== Action item ==
The entries below contain pictures, which are to be left out; write out exactly, and only, the lines from the line with "نظرية جديدة تفسّر الحاجة للنوم" up to and including the line with "取り扱いカメラ販売員ダリヤ ベネゼル ウェーブパーマ液 ダメージヘア用 部分用".

== Exercise data ==

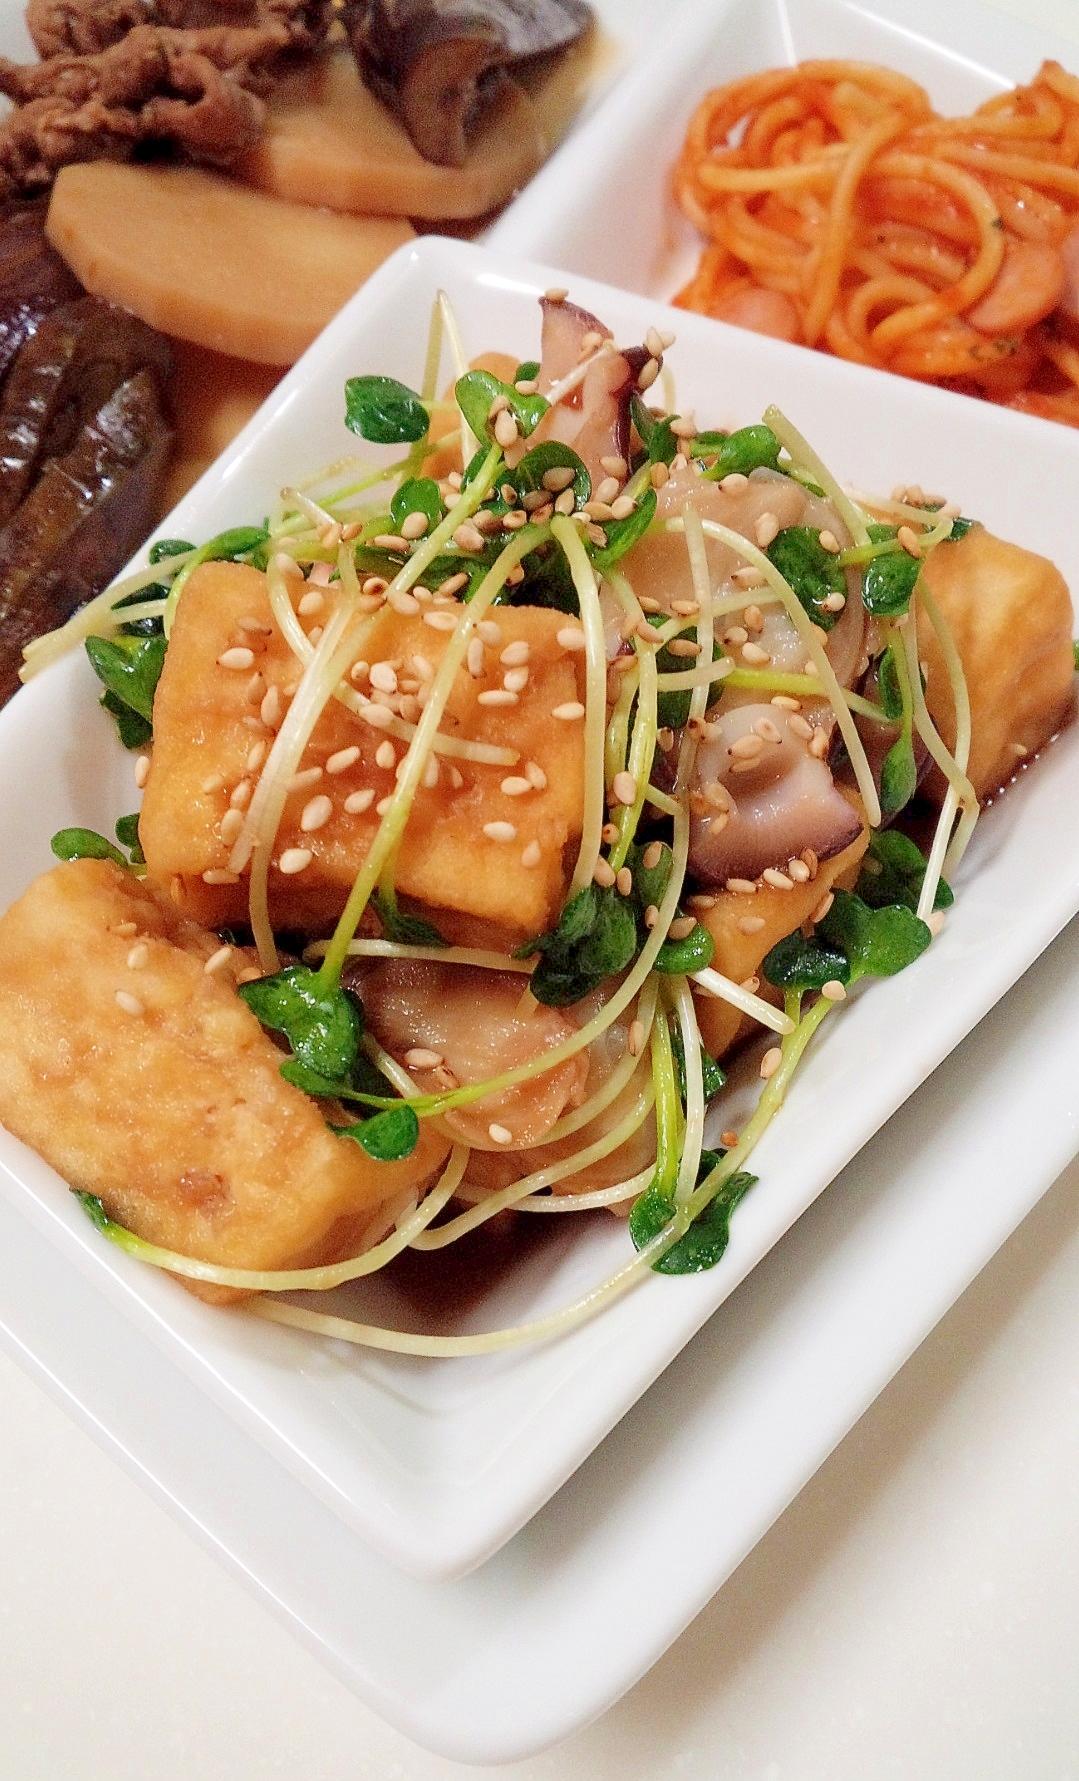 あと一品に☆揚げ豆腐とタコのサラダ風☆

...

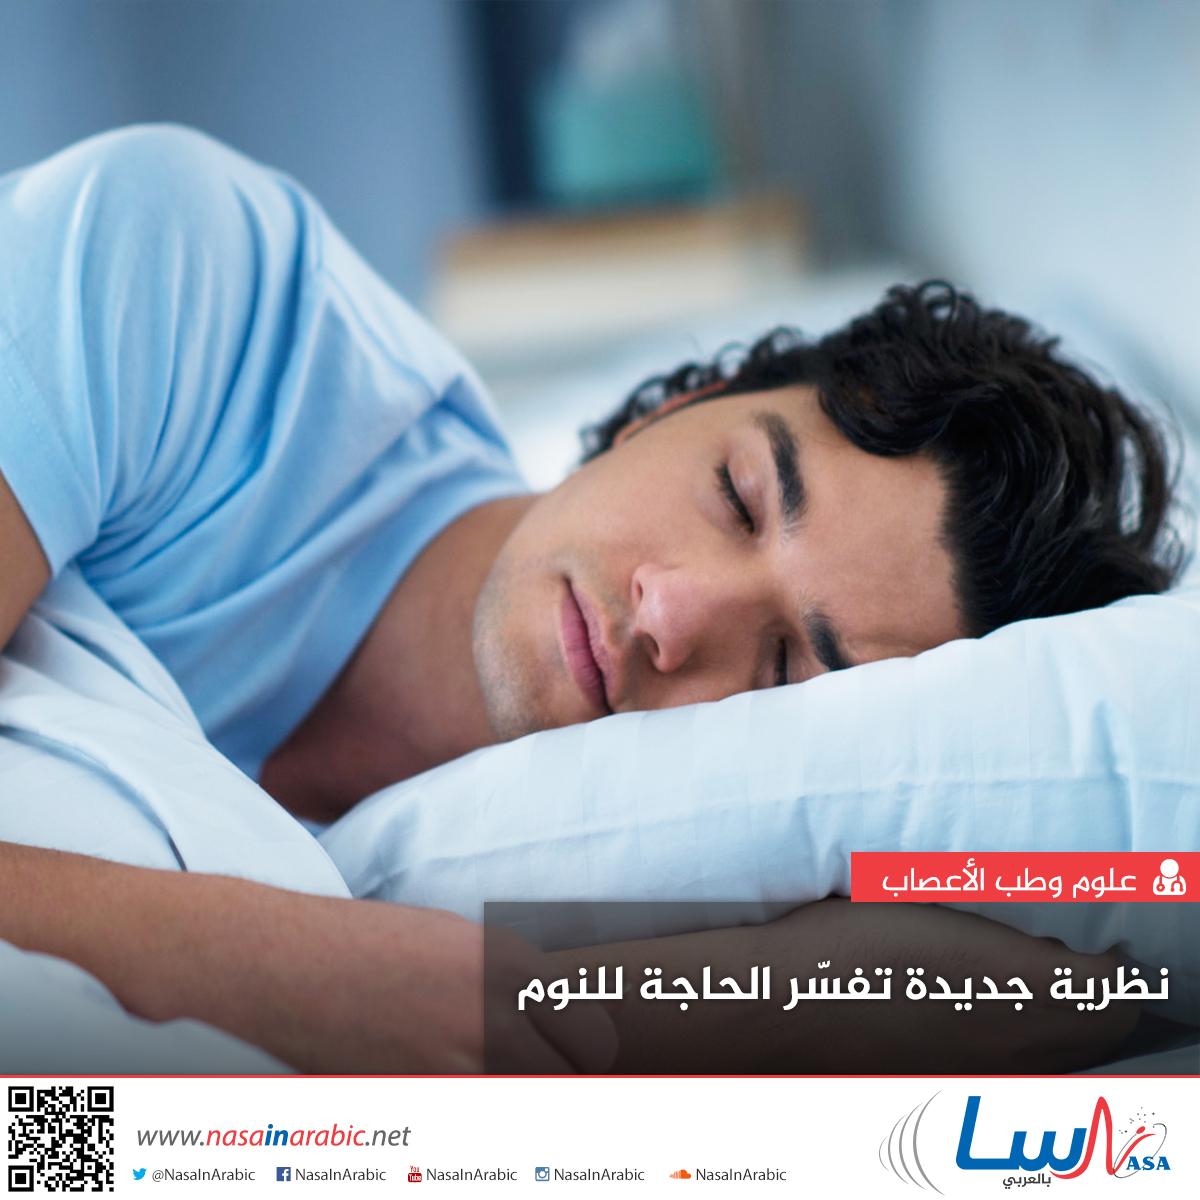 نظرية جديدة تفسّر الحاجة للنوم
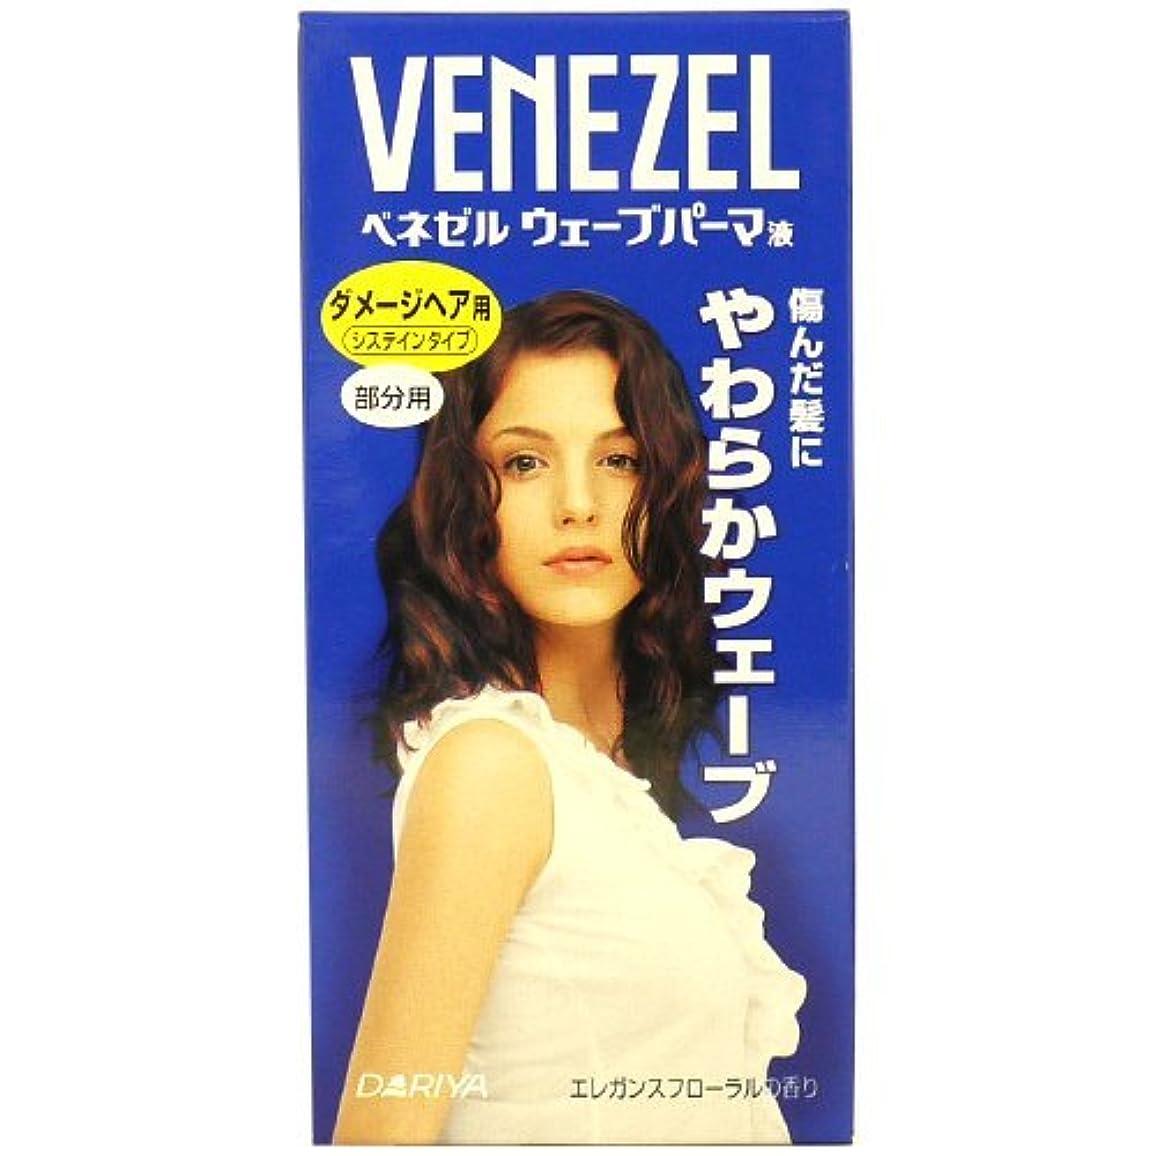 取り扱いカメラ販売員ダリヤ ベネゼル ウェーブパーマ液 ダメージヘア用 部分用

== Output for this exercise ==
 نظرية جديدة تفسّر الحاجة للنوم
 取り扱いカメラ販売員ダリヤ ベネゼル ウェーブパーマ液 ダメージヘア用 部分用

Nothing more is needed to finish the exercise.